I sent this, and the draft linework, off. Giuseppe was generally happy with it, his only concern being that the raven was the only dark part of the image and threw the balance off. He suggested I darken the tones in the foreground to fix this, and gave me the go-ahead to start on the final.

Before I could start on the final, however, I had to get some ink. Easier said than done in Western Australia! I went to my local art shop, wanting waterproof ink in any dark colour that wasn't black - sepia, dark grey, paynes grey, I wasn't choosy, but the shop wasn't very helpful. In the end I managed to snag some FW Acrylic Artists Ink in Burnt Umber. It's only water resistant, not waterproof, so if I was really working the watercolour in some areas it got a bit lost and I had to go back in and touch up, but overall I think it worked well. I also bought a cheap 2/0 sable brush so that I didn't kill my expensive brushes with the ink.
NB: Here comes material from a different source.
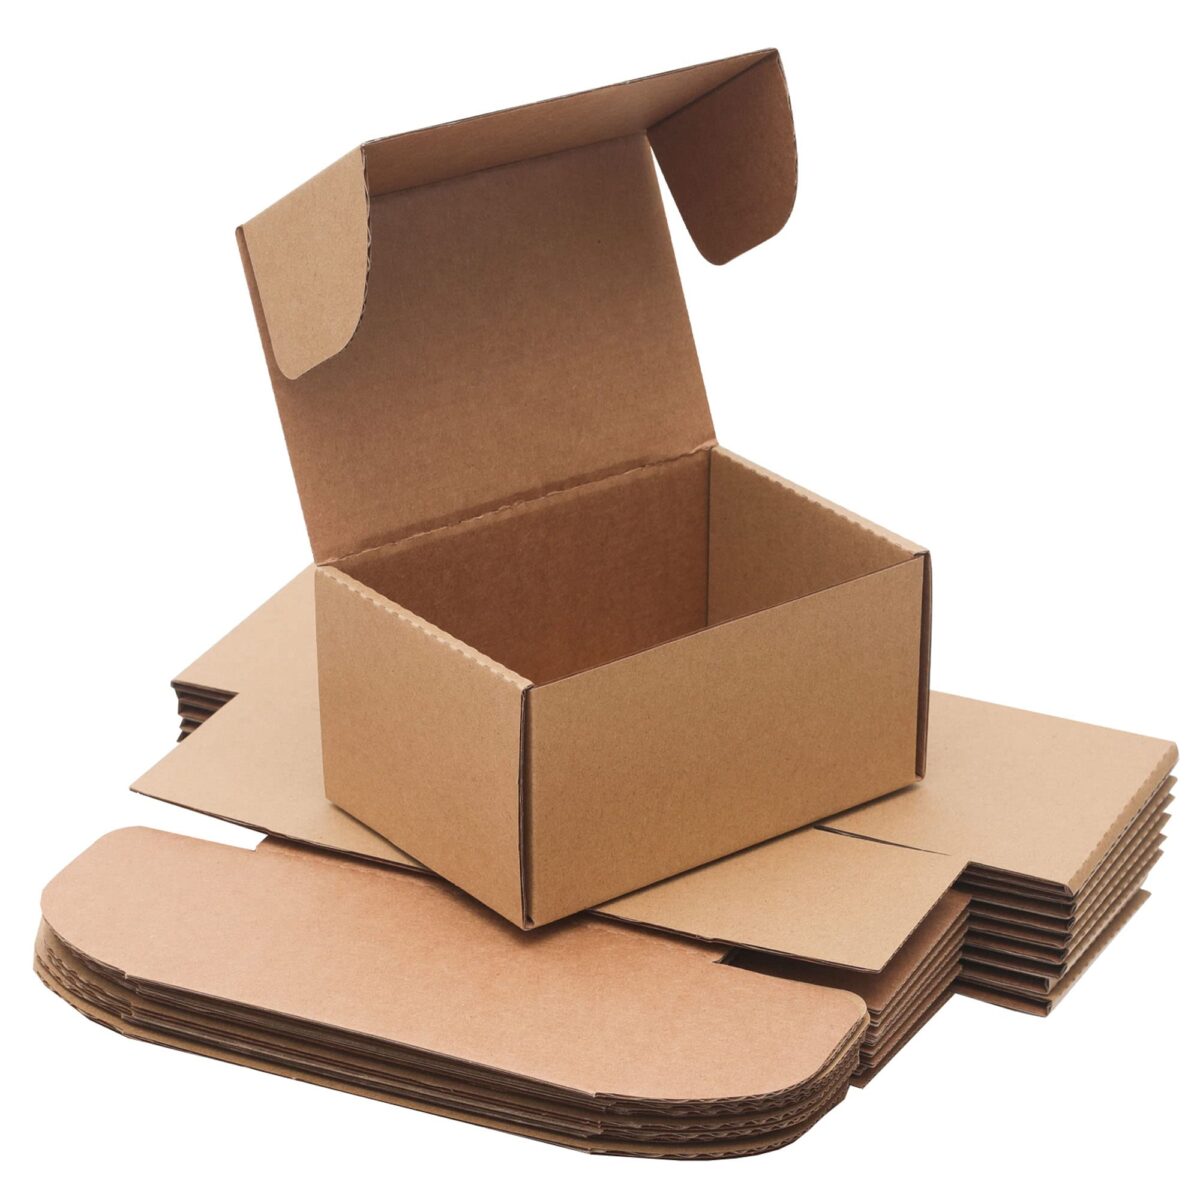 printed cardboard boxes

Having completed the inking it was time to paint. These are the materials I used:

The red tones were used the least. I researched dead palettes before I started, and a lot of the info stressed the need for one spot of bright, saturated colour. In my case it was the hair of my girl character. I used Cadmium Scarlet and Winsor Orange for her hair, and some Rose Dorè on her skin. Indian Red added the lowlights in her hair, and was also used on some of the browns elsewhere in the image, so that the red tones were spread just a little. 
It's almost entirely watercolour, but I did get out my coloured pencils at the very end, just to darken some of the shadows and add some extra leafiness to the vegetation in the foreground, and also darkened a couple of lines with a sepia PITT Artist's Pen (not shown). 
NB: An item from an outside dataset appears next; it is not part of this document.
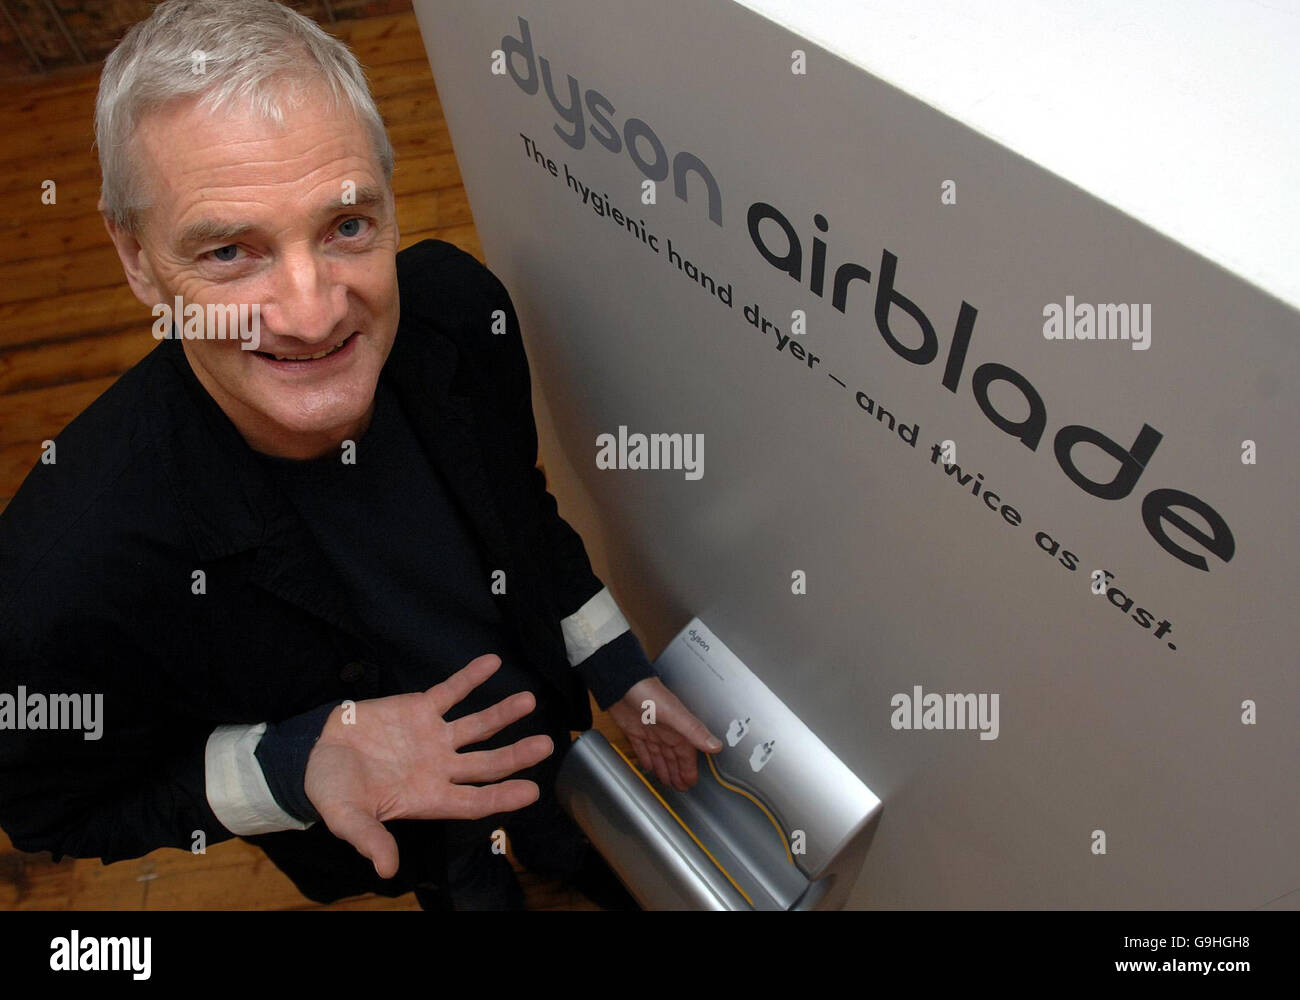 Aspirapolvere re James Dyson con la sua nuova invenzione l'Airblade, un'asciugatrice ad alta velocità per i servizi igienici pubblici, durante un'inaugurazione a Londra. Foto Stock

I sent the above image off to Giuseppe and we discussed it during my final conference. 

He was happy with it, and especially pleased with my use of leading lines (in the pathway and the river) and my treatment of the fabric and the figures, but flagged a few places where it could be improved:

The sky was a bit too busy
The figures didn't stand out from the background enough
The dog got lost

I agreed with everything he pointed out, so after our meeting I took the painting into Photoshop and made some adjustments:

What do you think? An improvement? 

The sketch, being a complicated one where I was trying new things (especially with the donkey) took about 9 hours, I think, and it took another 14-18 to paint it, although there were some pauses in there while I waited for paint to dry.

1 comment:

  1. Thanks for posting this in such detail! I love seeing how other artists work and the painting came out beautifully!